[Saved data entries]
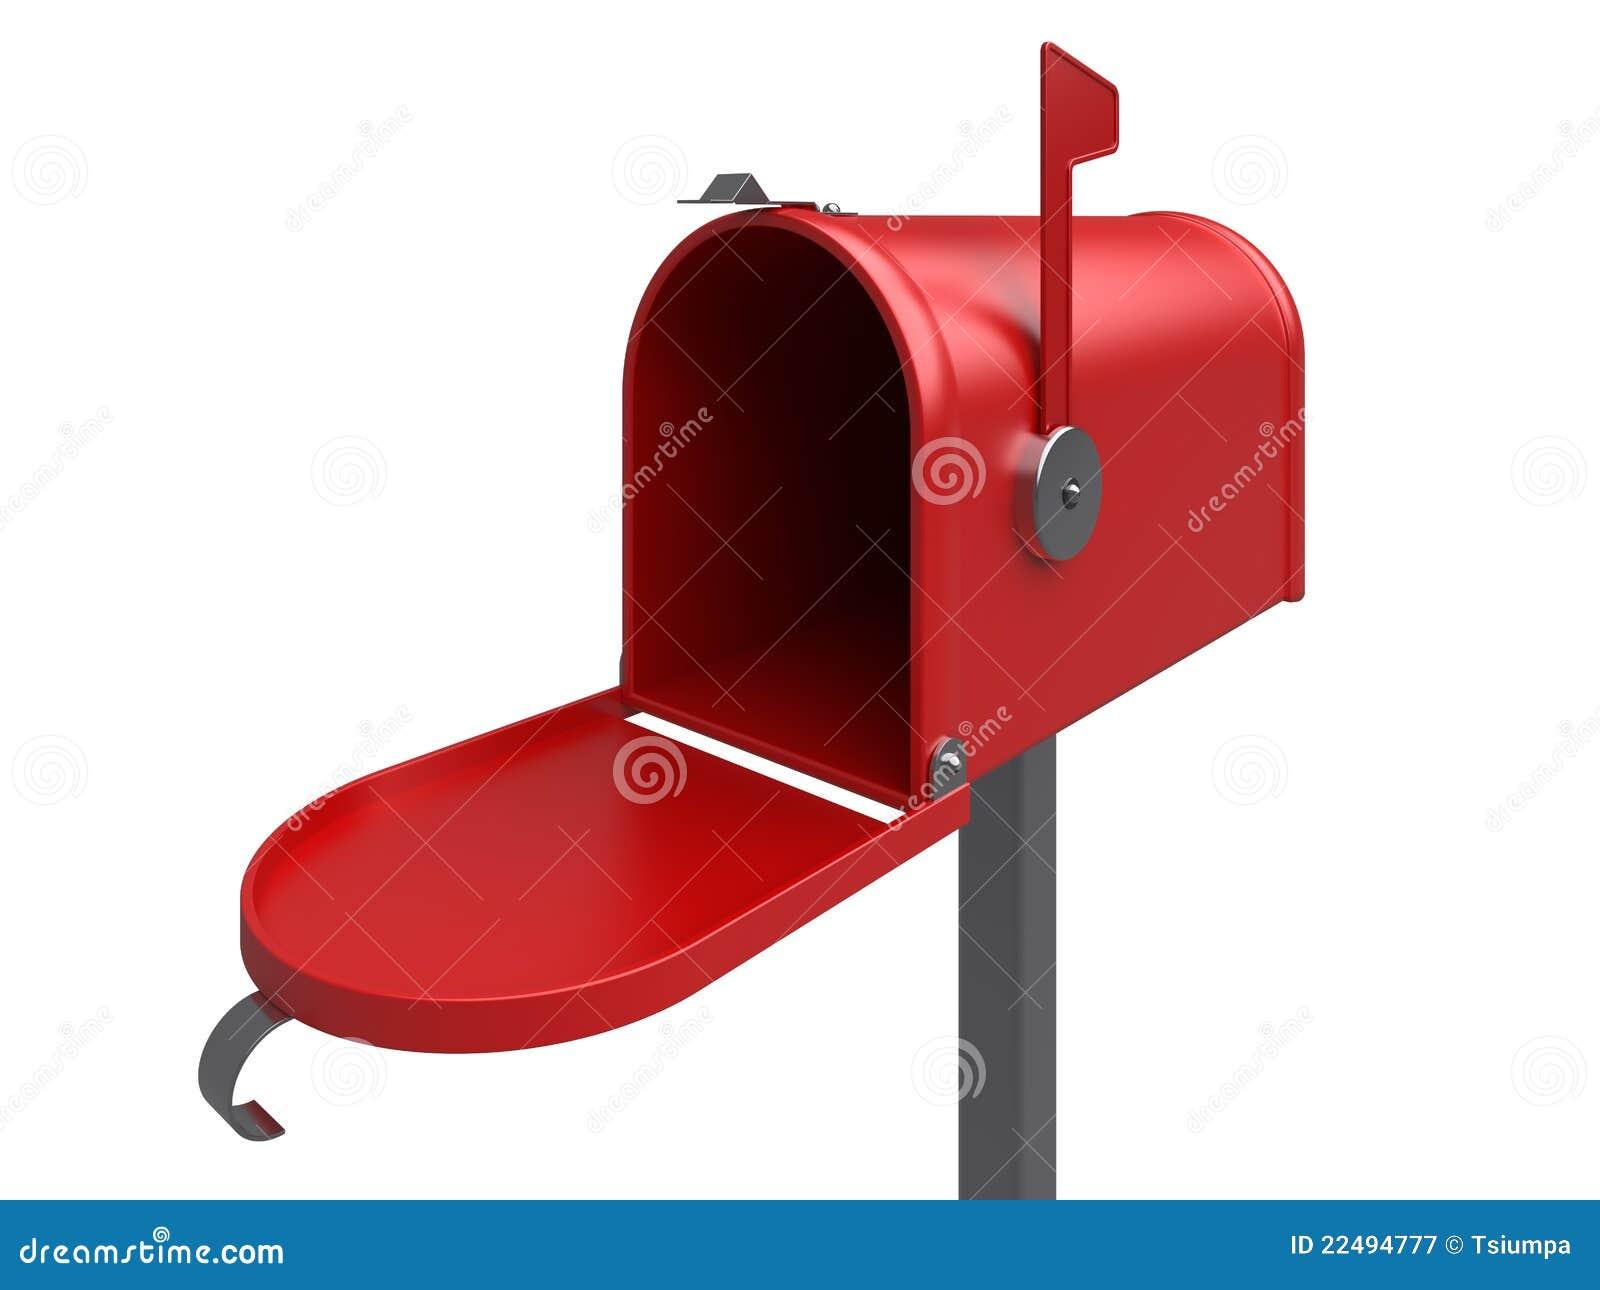 clipart gratuit boite aux lettres - photo #9
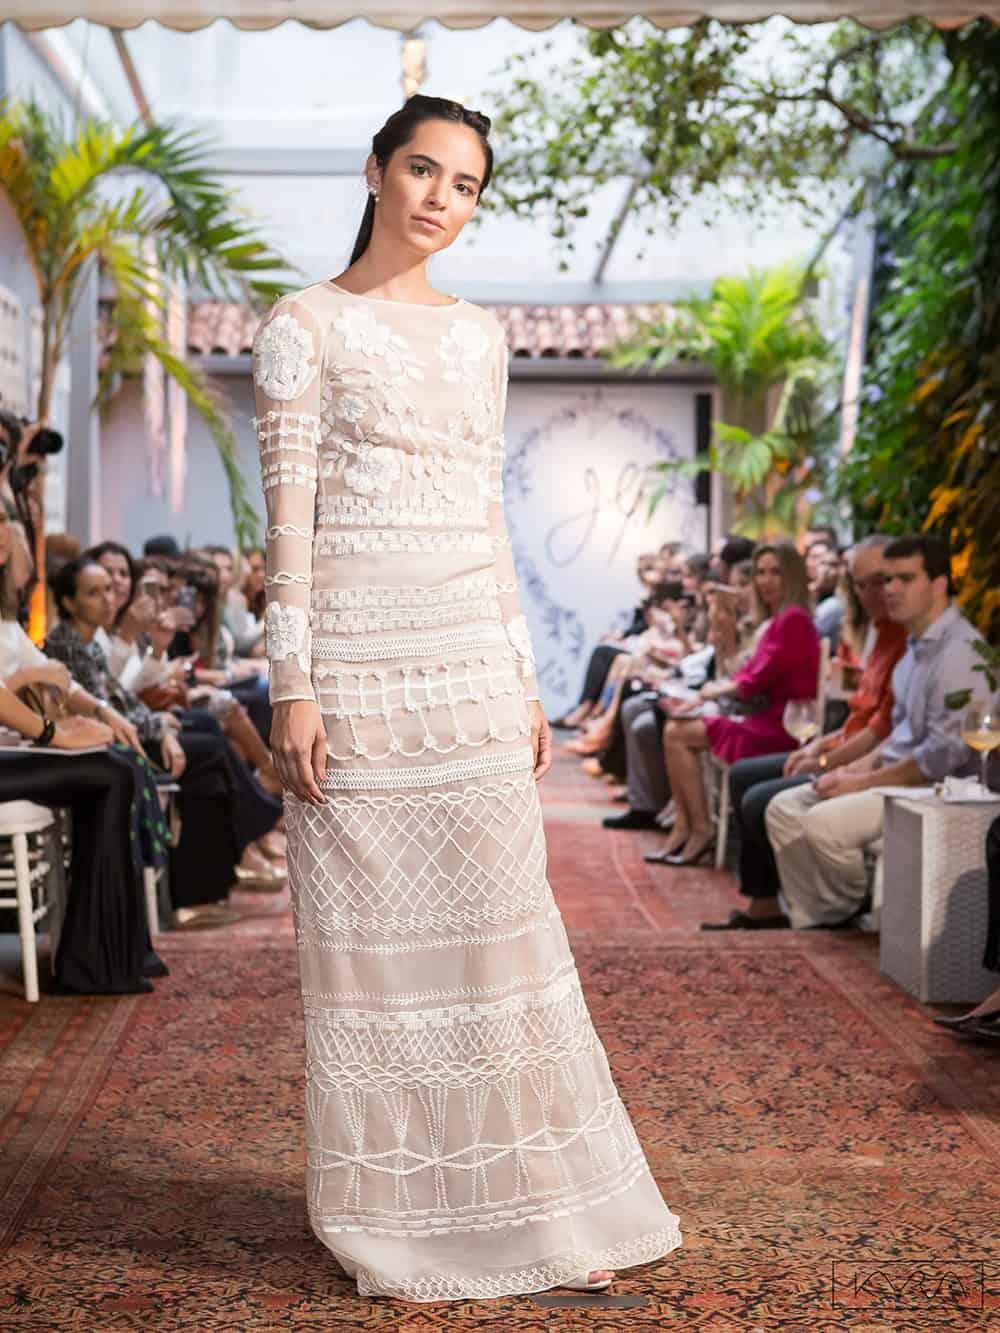 desfile-vestido-de-noiva-entardecer-julia-golldenzon-foto-kyra-mirsky-33
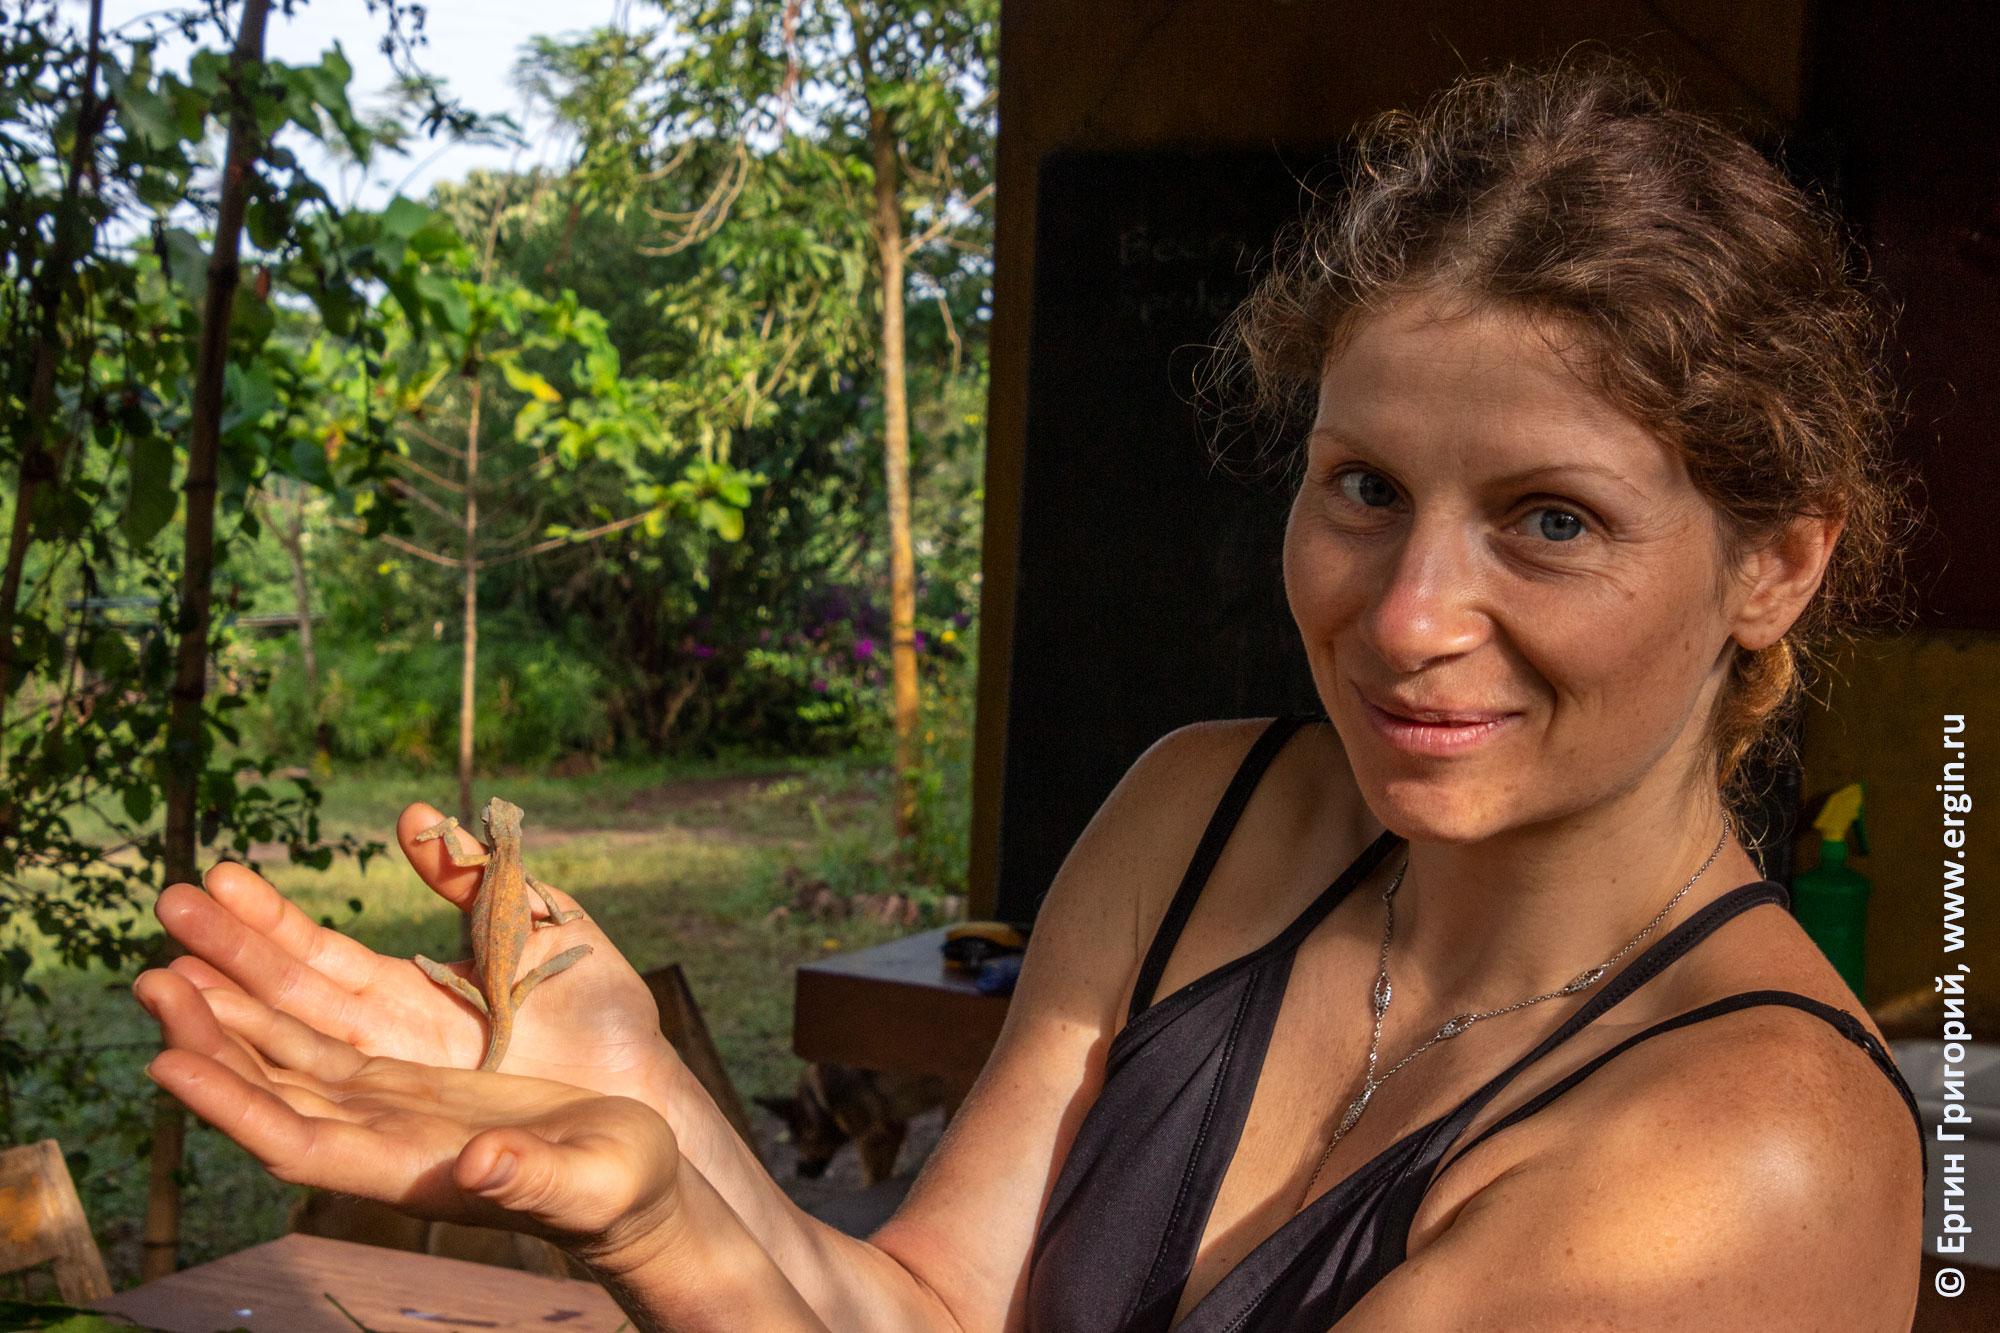 Девушка держит на руке хамелеона
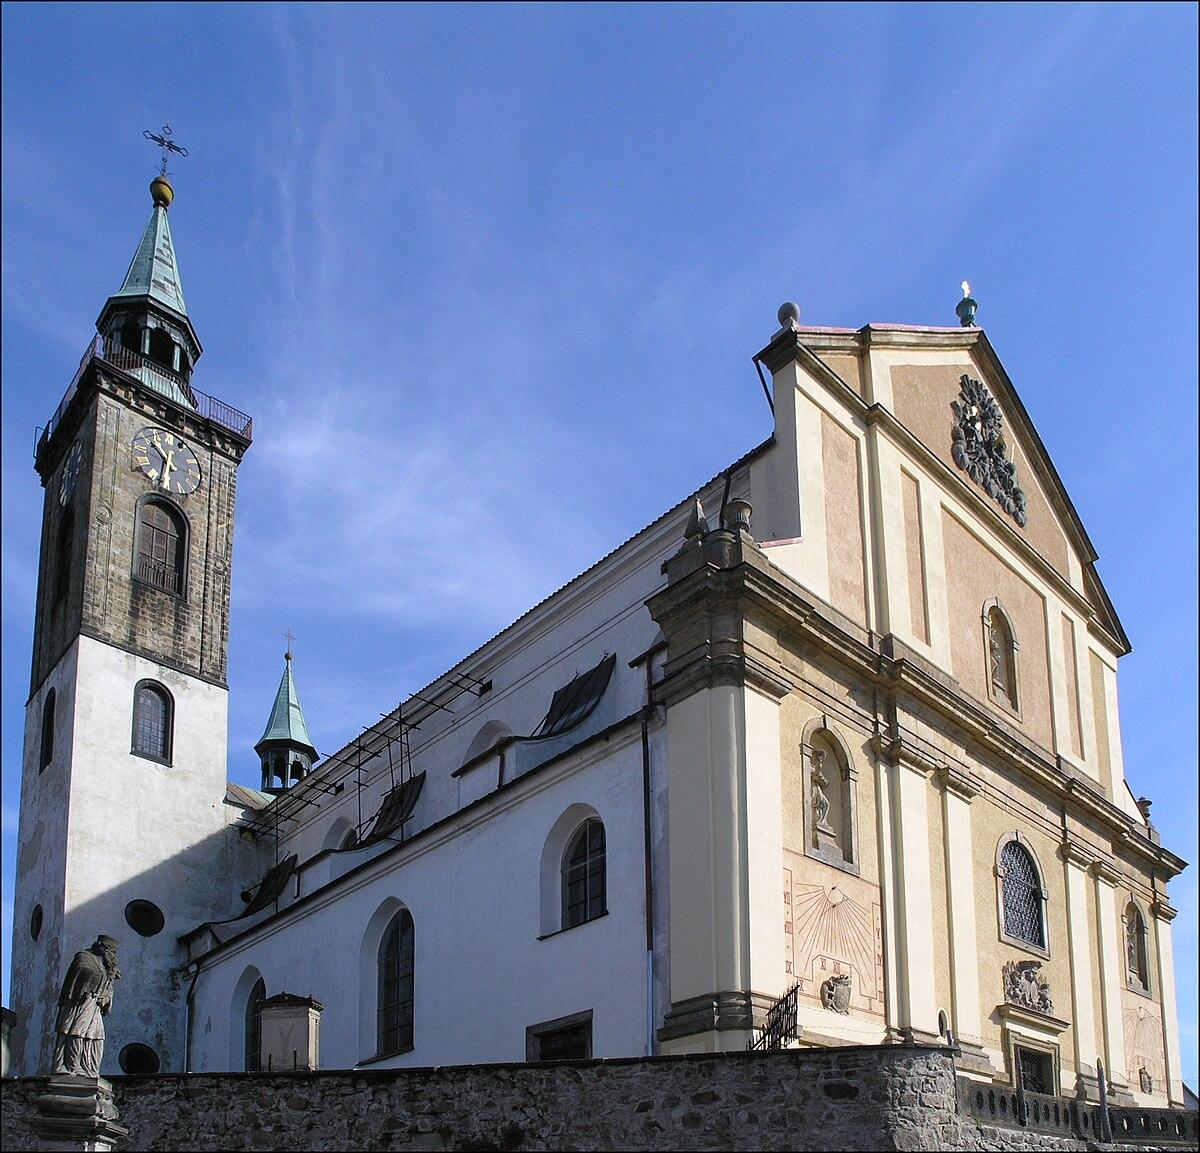 Kostel sv Mikulase (Mikulasovice) 2.jpg
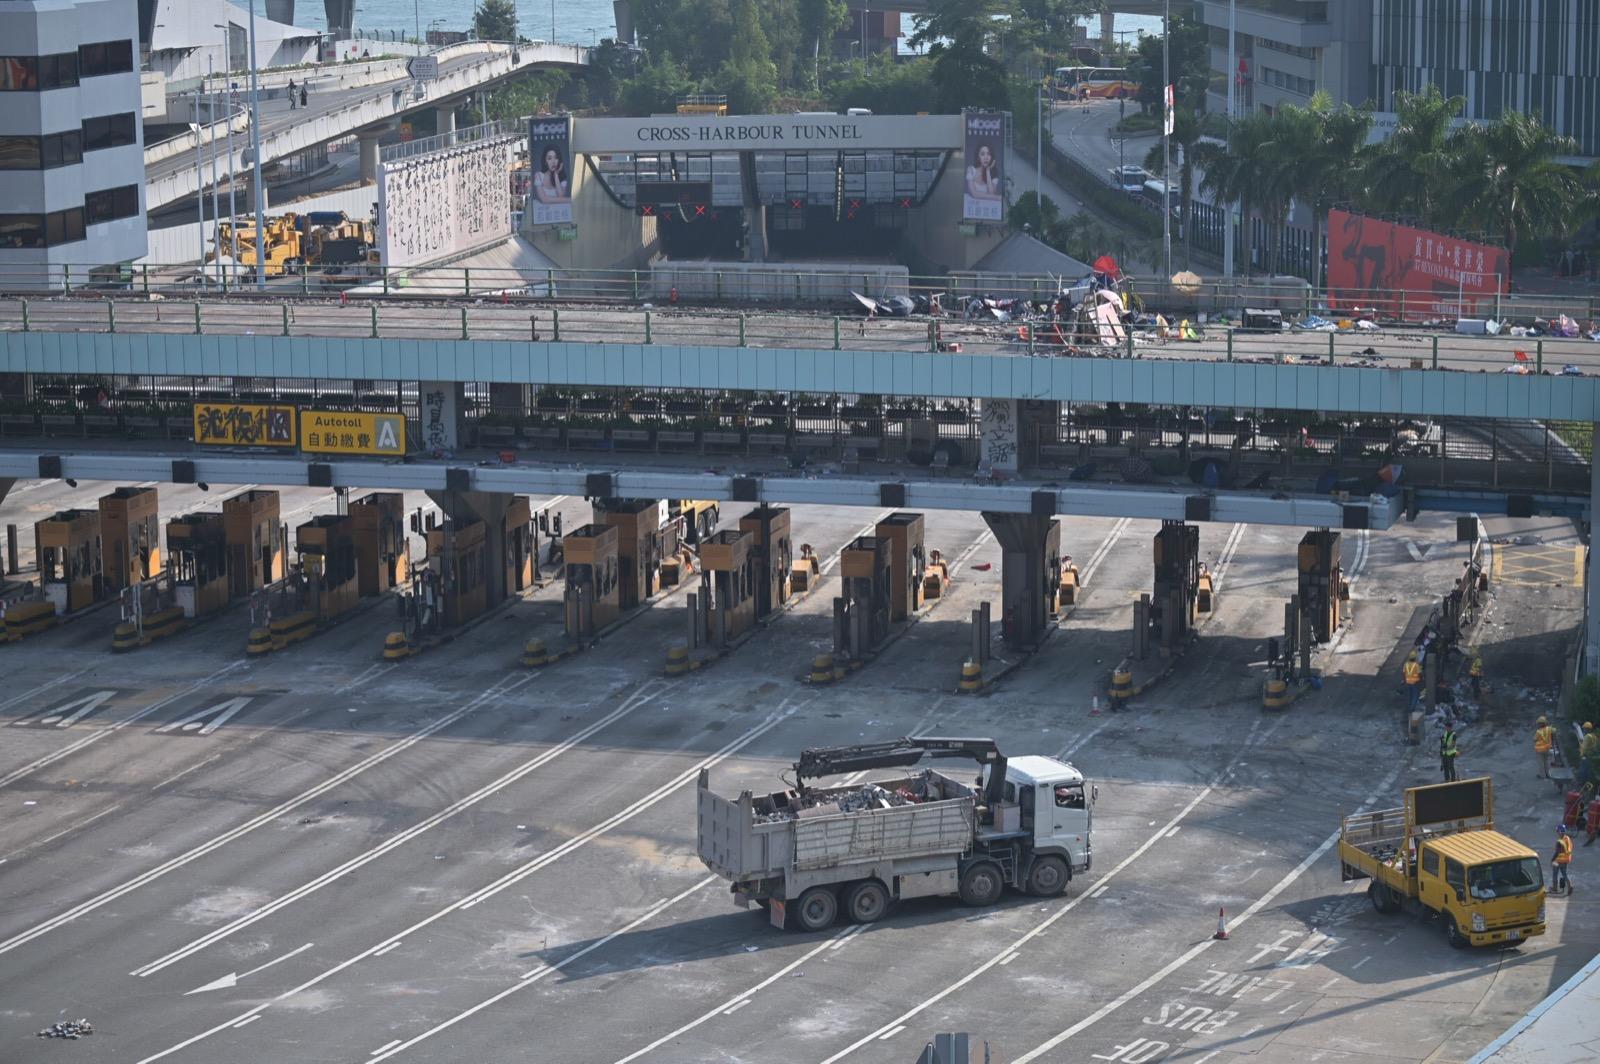 紅隧屢被破壞,至今仍未通車,政府積極考慮開通後暫時不收費。

Task to complete:
The lines wanted run from the line containing "Девушка держит на руке хамелеона" through the end of the entries; return them exactly, both ends included, and keep pictures out.

Written reply:
 Девушка держит на руке хамелеона
 Kostel sv Mikulase (Mikulasovice) 2.jpg
 紅隧屢被破壞,至今仍未通車,政府積極考慮開通後暫時不收費。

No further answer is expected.